▶ **DATA PROVIDED**
# # # # #
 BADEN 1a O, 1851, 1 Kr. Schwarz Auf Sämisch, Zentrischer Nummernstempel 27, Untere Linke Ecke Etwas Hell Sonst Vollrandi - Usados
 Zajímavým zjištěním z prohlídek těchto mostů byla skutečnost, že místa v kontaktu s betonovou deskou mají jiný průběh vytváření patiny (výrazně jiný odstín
# # # # #
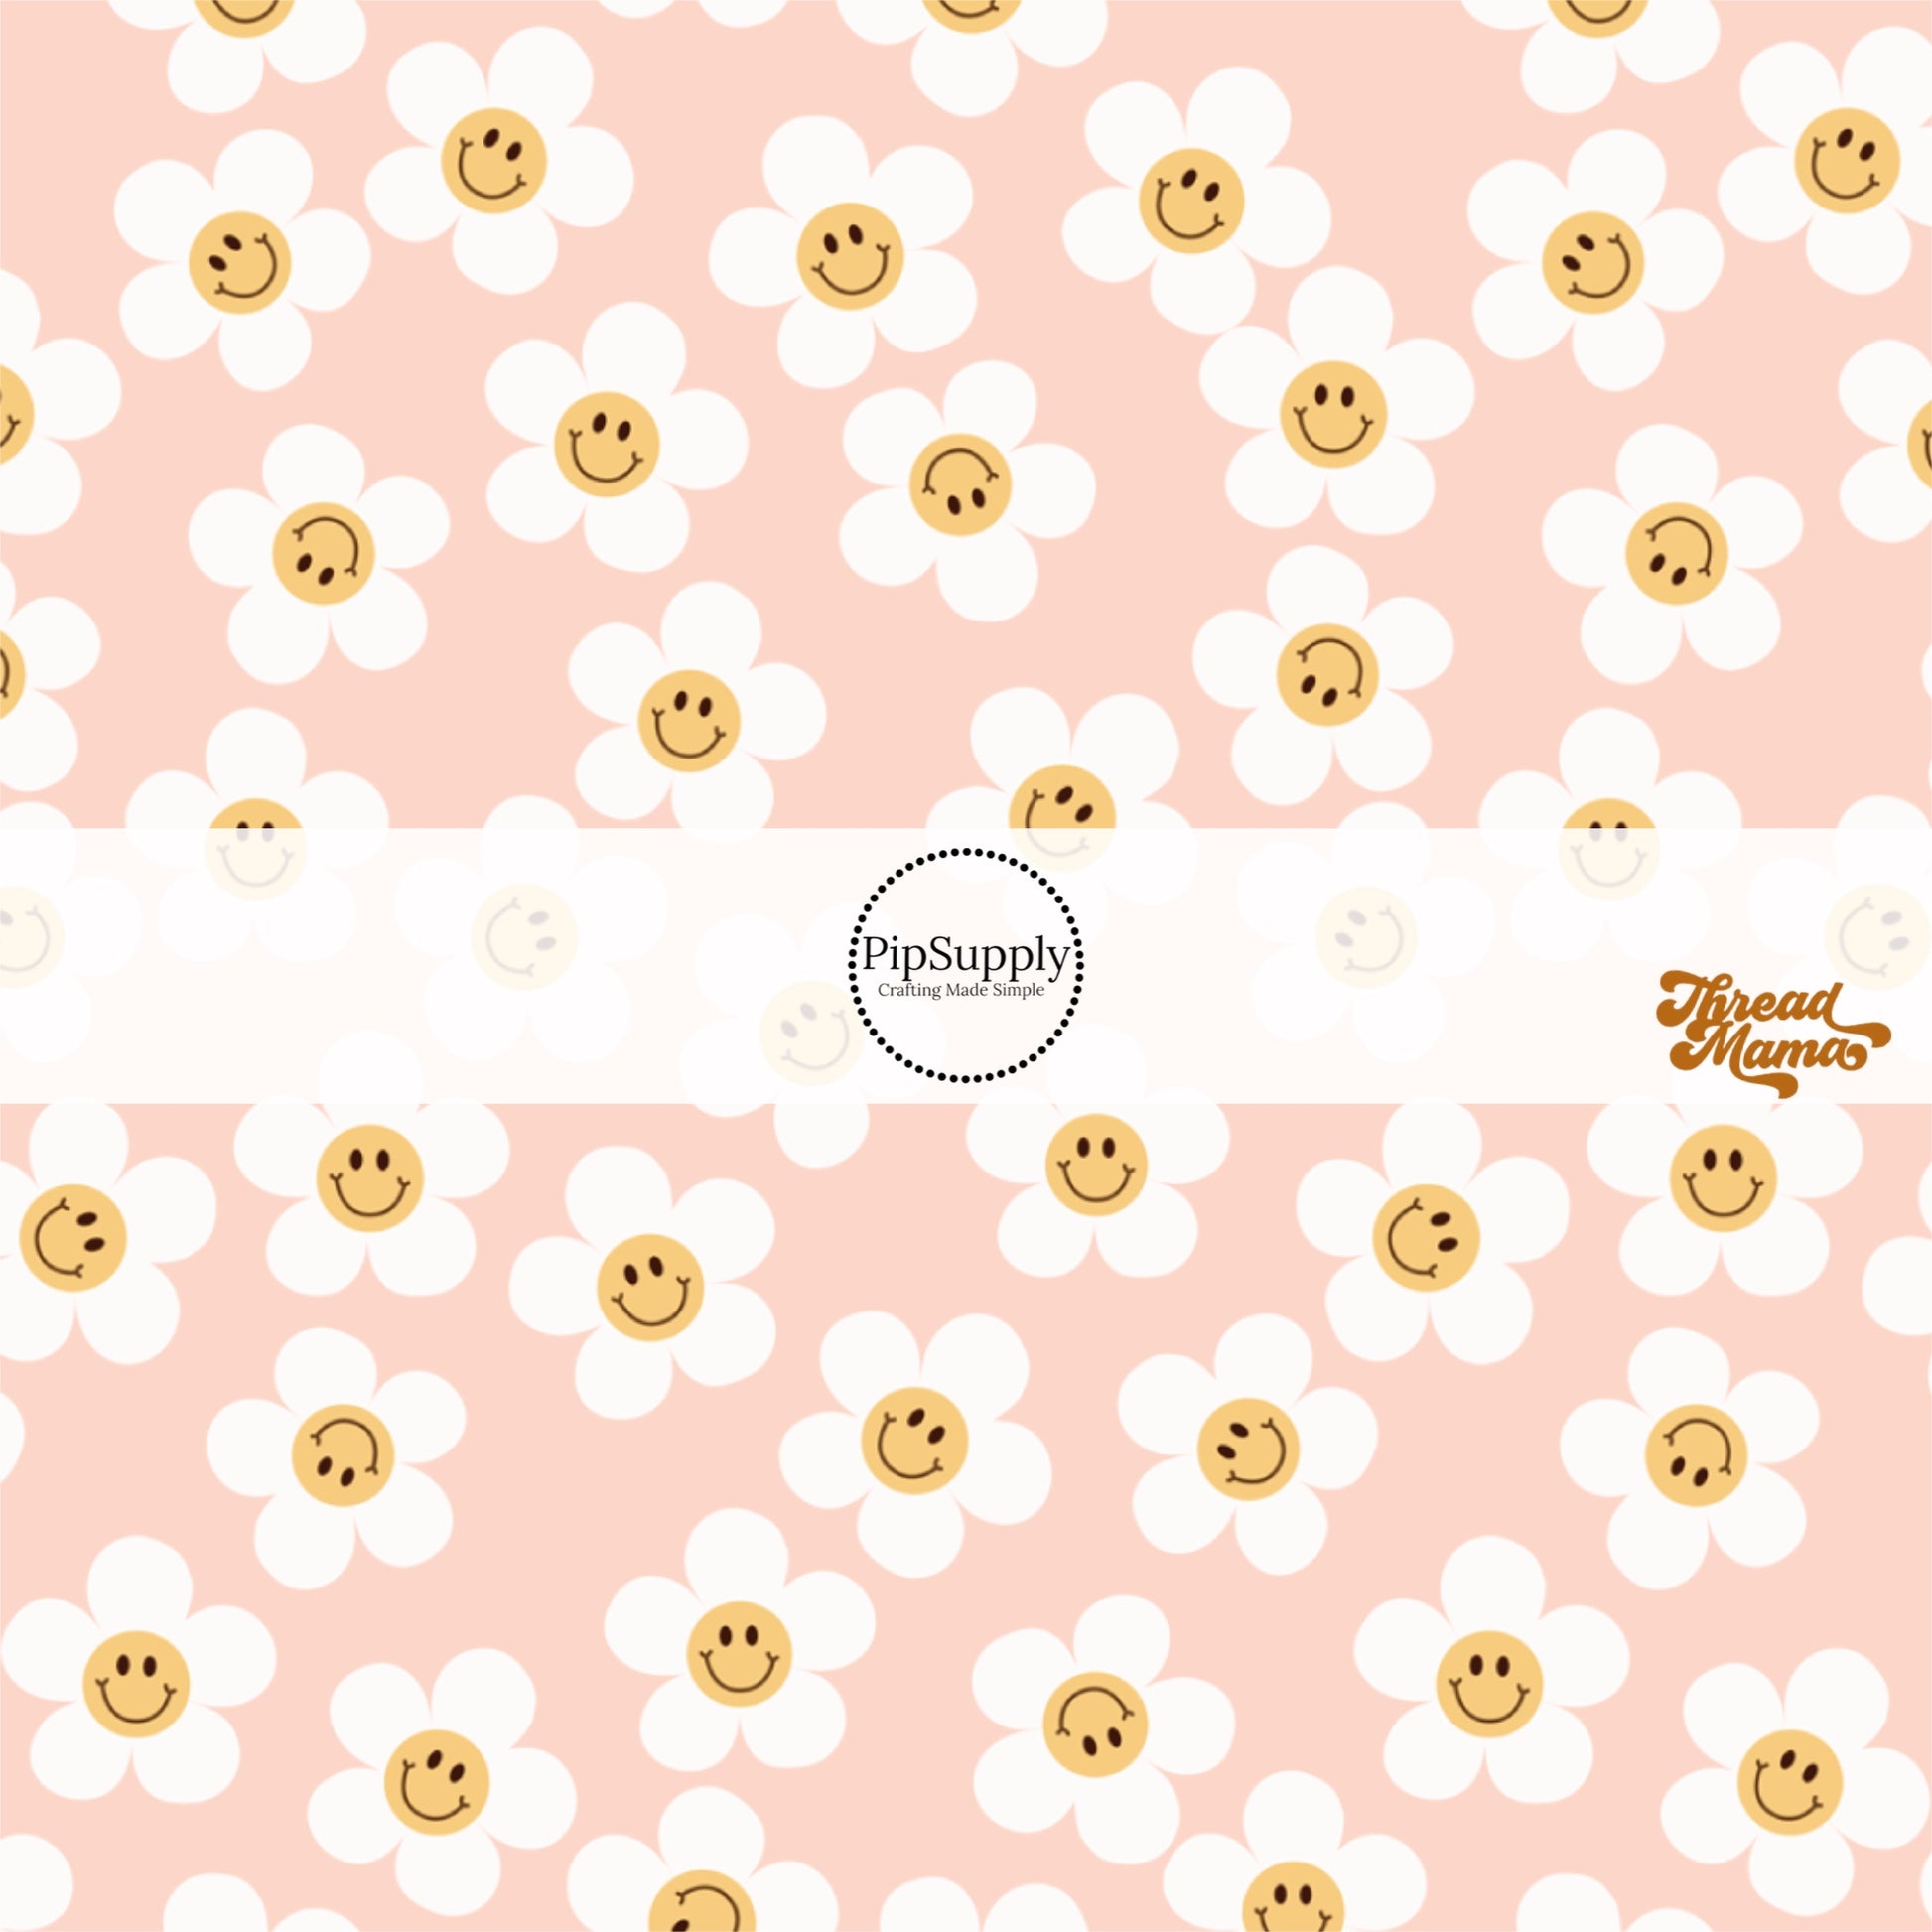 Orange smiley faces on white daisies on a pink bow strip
# # # # #
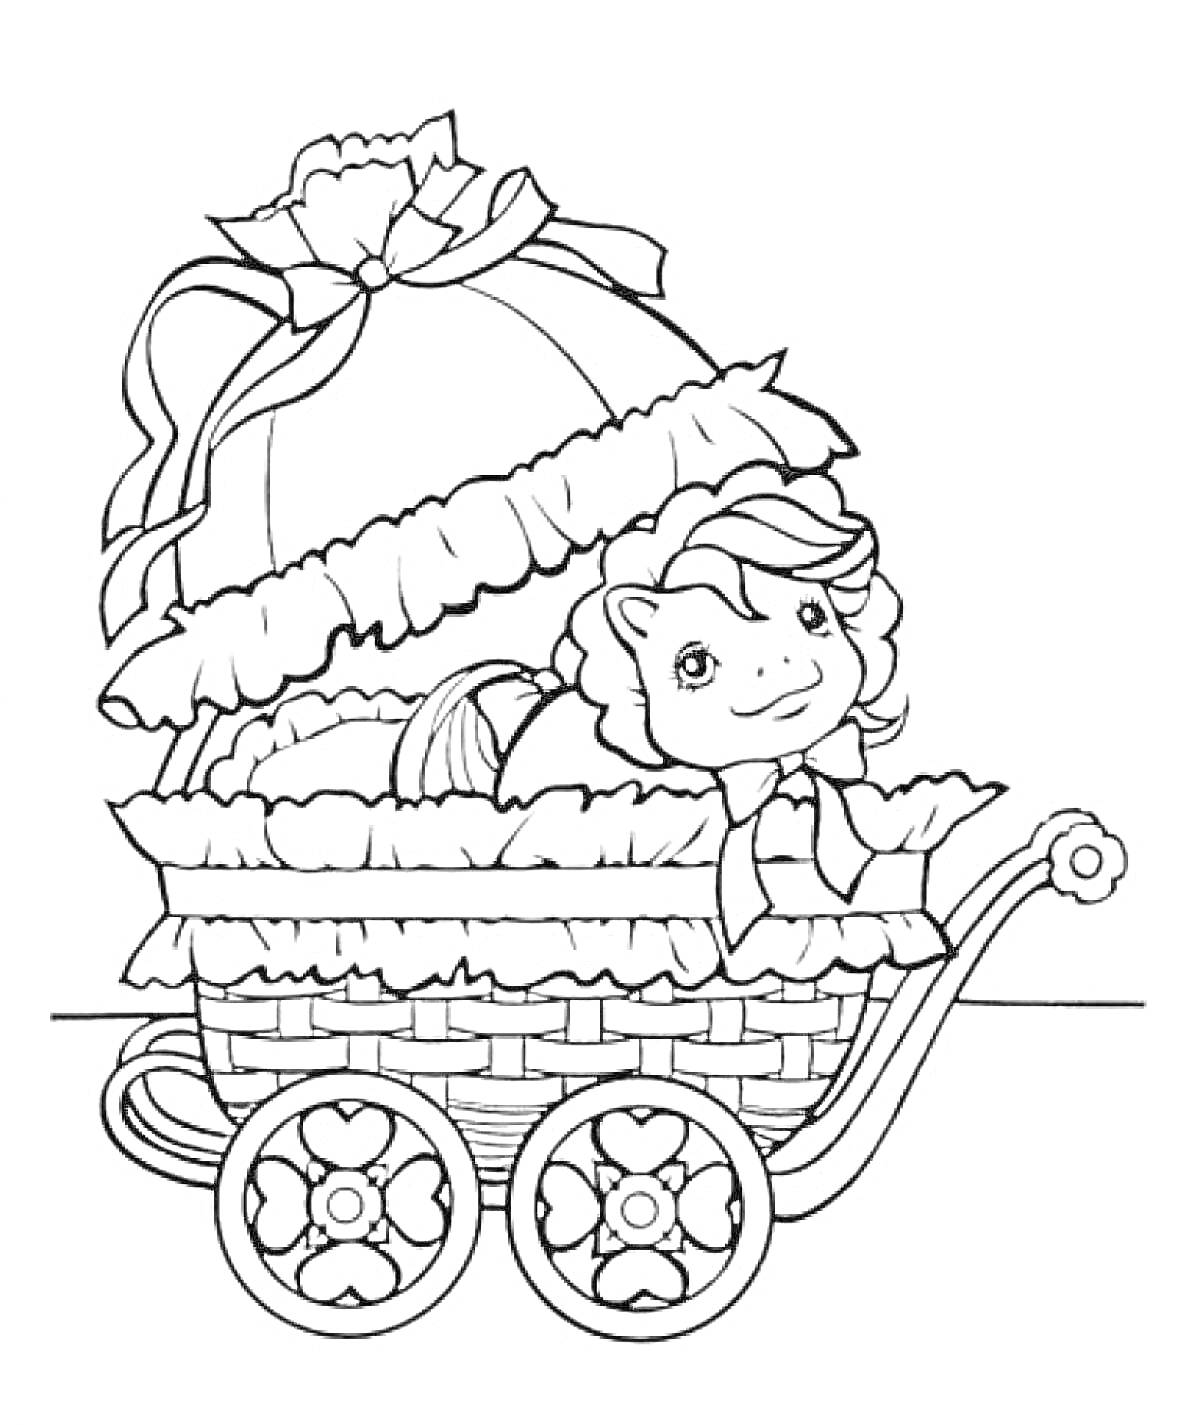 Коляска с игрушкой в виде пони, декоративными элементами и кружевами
# # # # #
▶ **WORK REQUEST**
Take from the material above the lines running from the one with "BADEN 1a O, 1851, 1" through the one with "Zajímavým zjištěním z", and repeat them exactly, with nothing else.

▶ **RESPONSE**
 BADEN 1a O, 1851, 1 Kr. Schwarz Auf Sämisch, Zentrischer Nummernstempel 27, Untere Linke Ecke Etwas Hell Sonst Vollrandi - Usados
 Zajímavým zjištěním z prohlídek těchto mostů byla skutečnost, že místa v kontaktu s betonovou deskou mají jiný průběh vytváření patiny (výrazně jiný odstín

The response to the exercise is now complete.